**Given information:**
____________________
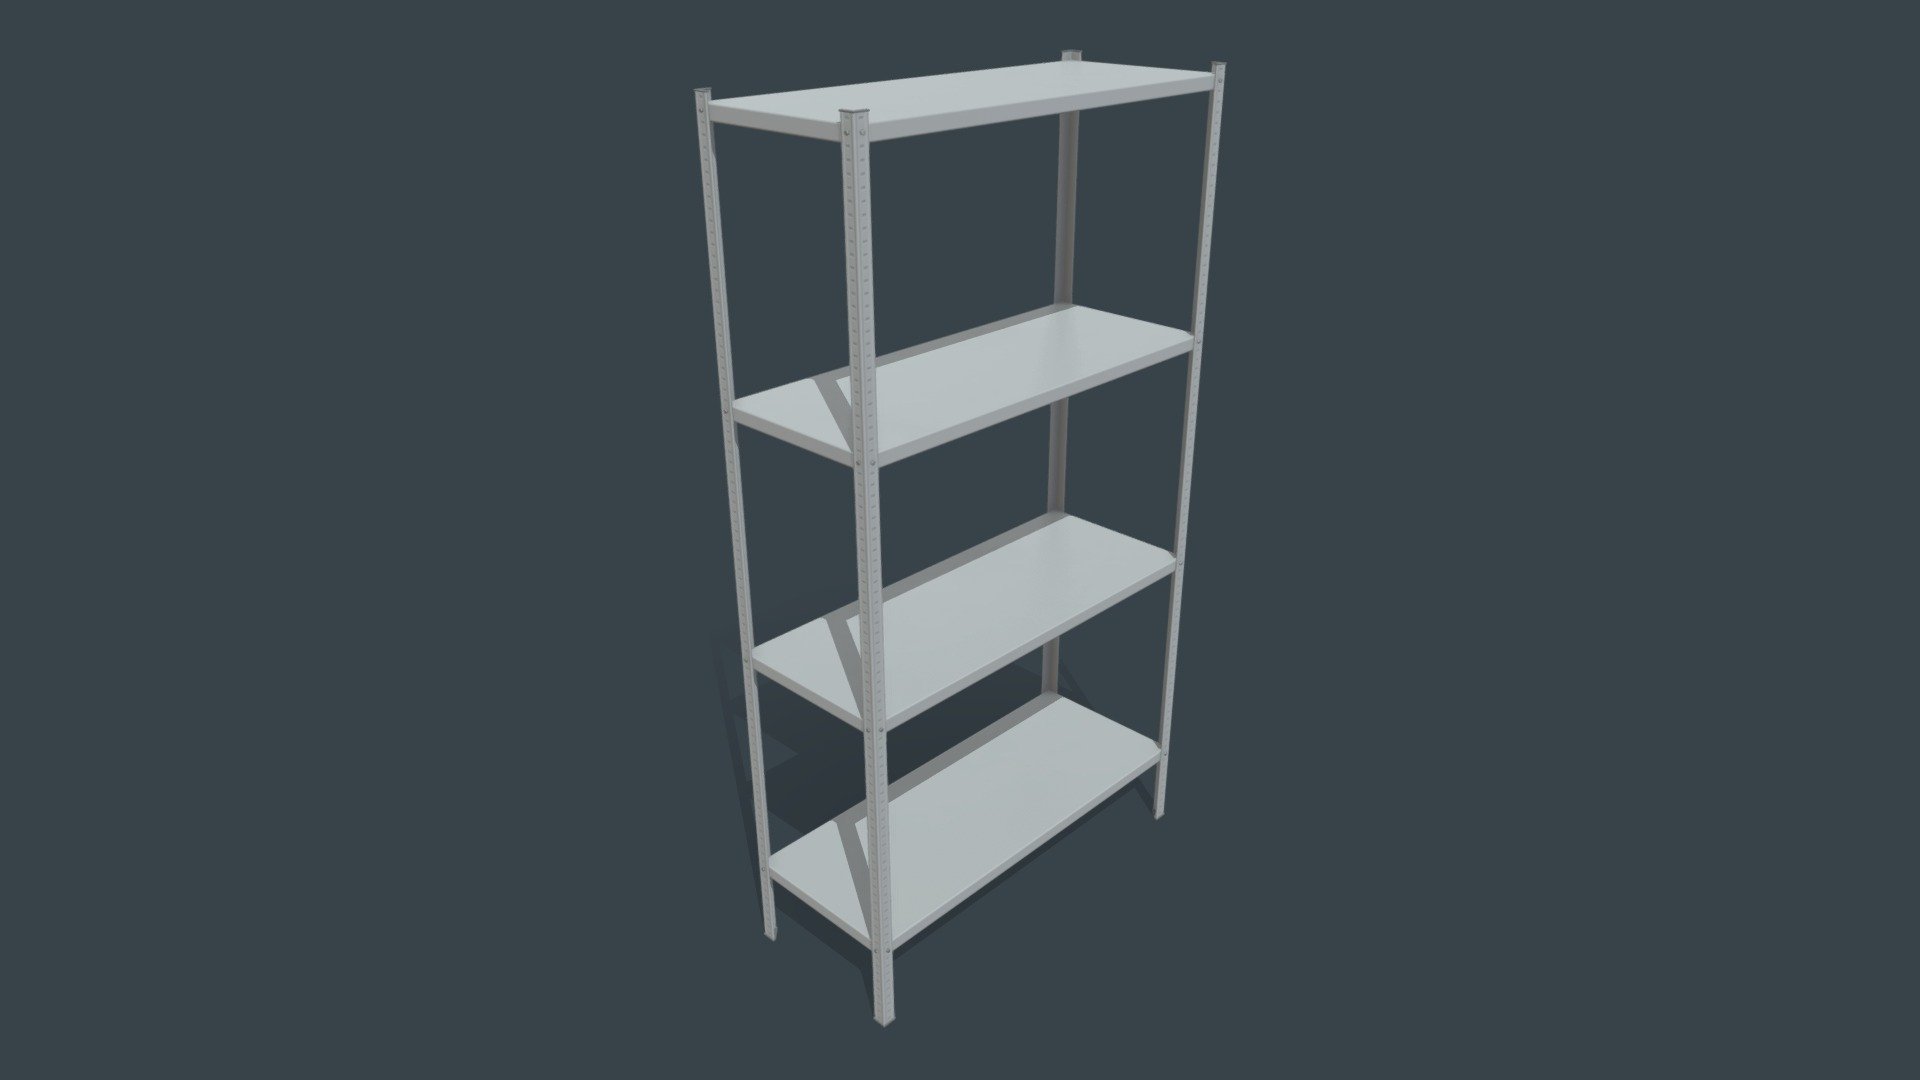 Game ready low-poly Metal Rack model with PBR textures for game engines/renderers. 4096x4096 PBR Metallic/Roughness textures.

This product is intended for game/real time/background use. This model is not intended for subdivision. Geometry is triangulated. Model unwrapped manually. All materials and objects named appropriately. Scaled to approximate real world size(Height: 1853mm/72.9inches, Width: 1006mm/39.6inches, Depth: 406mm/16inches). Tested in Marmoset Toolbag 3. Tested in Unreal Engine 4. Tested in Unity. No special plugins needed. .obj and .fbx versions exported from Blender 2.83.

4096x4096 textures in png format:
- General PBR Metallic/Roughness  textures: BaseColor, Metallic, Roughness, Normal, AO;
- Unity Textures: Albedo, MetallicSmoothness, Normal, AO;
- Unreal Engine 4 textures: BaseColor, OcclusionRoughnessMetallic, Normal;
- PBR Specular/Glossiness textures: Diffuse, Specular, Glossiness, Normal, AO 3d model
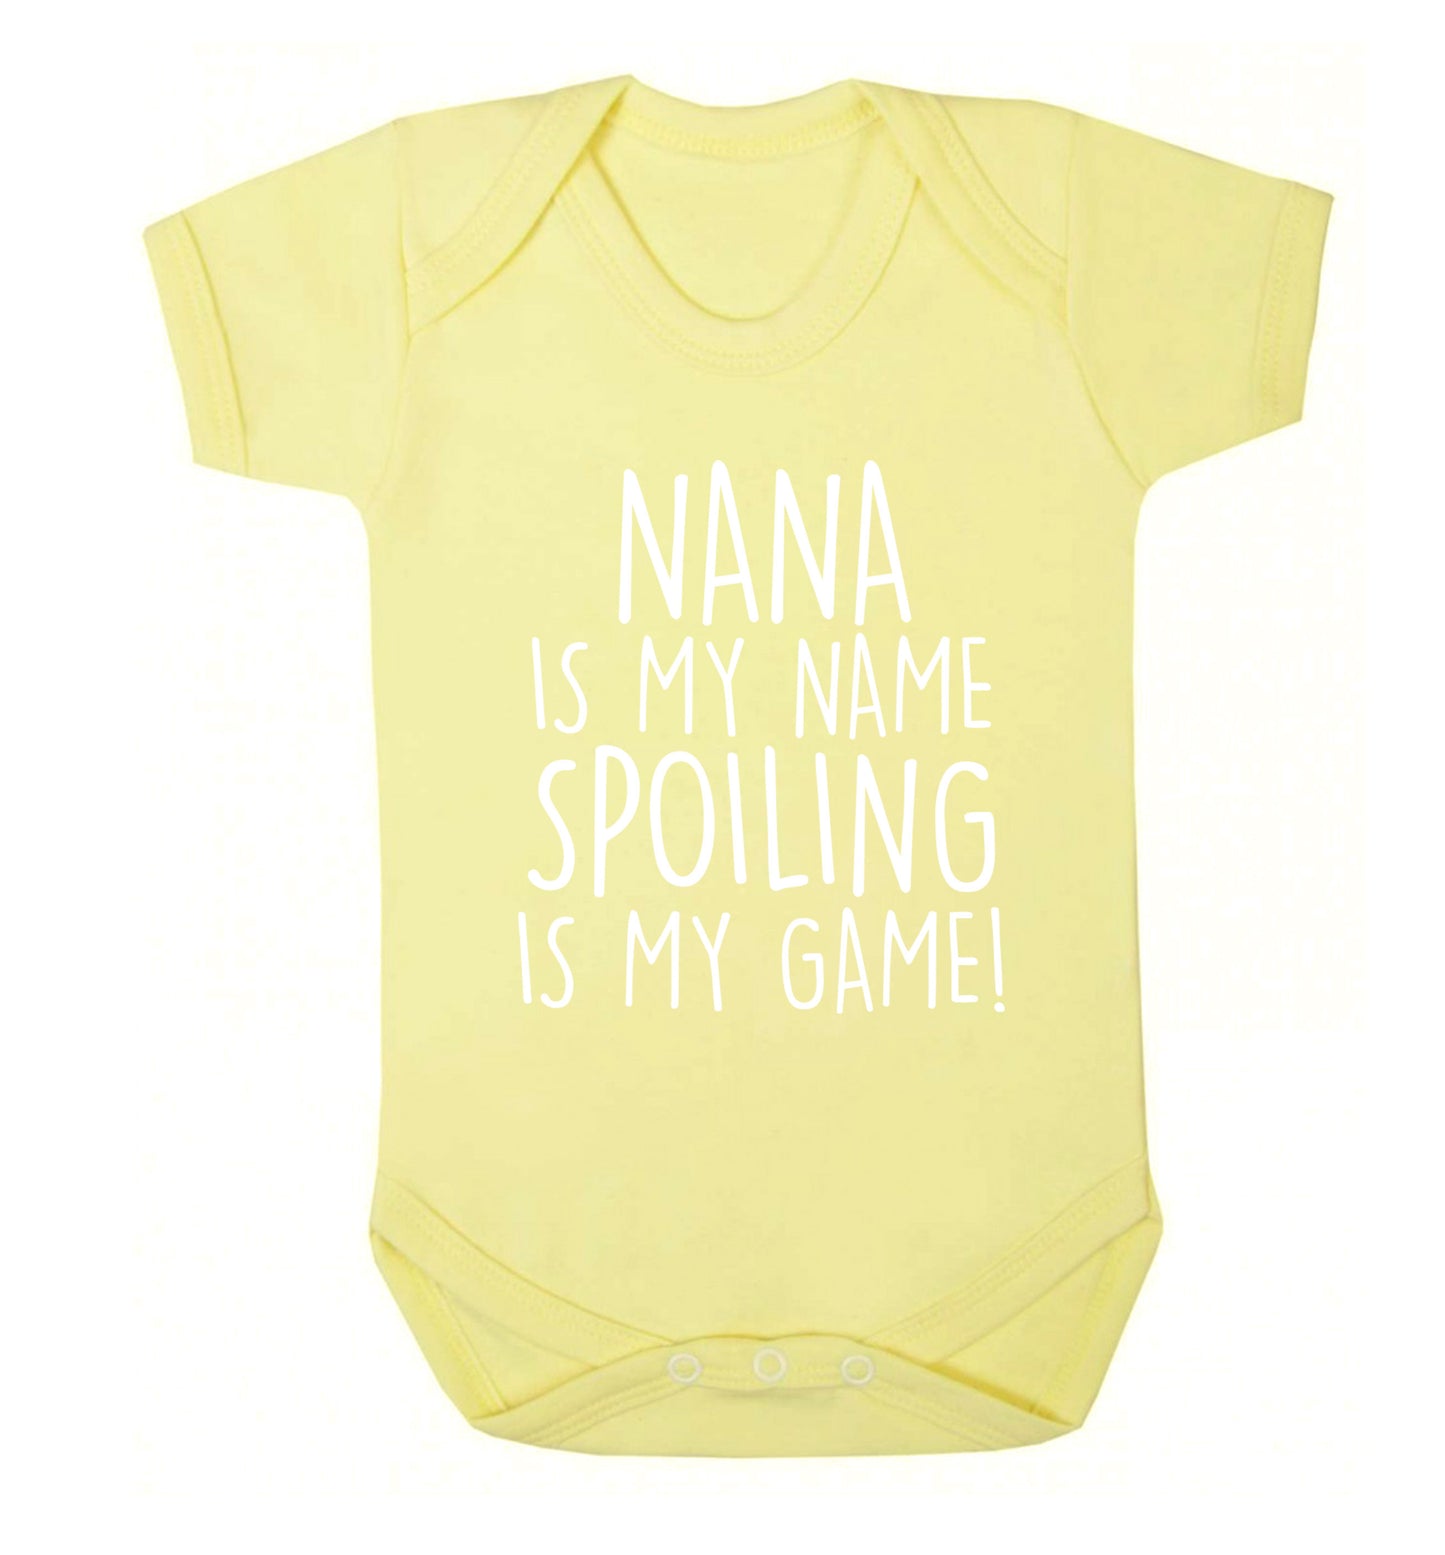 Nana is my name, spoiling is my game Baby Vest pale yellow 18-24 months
____________________
**Task requirements:** The required output is every line above from the one with "This product is" down to the one with "- Unity Textures: Albedo, MetallicSmoothness, Normal, AO;", restated word for word, ends included.

**Answer space:**
This product is intended for game/real time/background use. This model is not intended for subdivision. Geometry is triangulated. Model unwrapped manually. All materials and objects named appropriately. Scaled to approximate real world size(Height: 1853mm/72.9inches, Width: 1006mm/39.6inches, Depth: 406mm/16inches). Tested in Marmoset Toolbag 3. Tested in Unreal Engine 4. Tested in Unity. No special plugins needed. .obj and .fbx versions exported from Blender 2.83.

4096x4096 textures in png format:
- General PBR Metallic/Roughness  textures: BaseColor, Metallic, Roughness, Normal, AO;
- Unity Textures: Albedo, MetallicSmoothness, Normal, AO;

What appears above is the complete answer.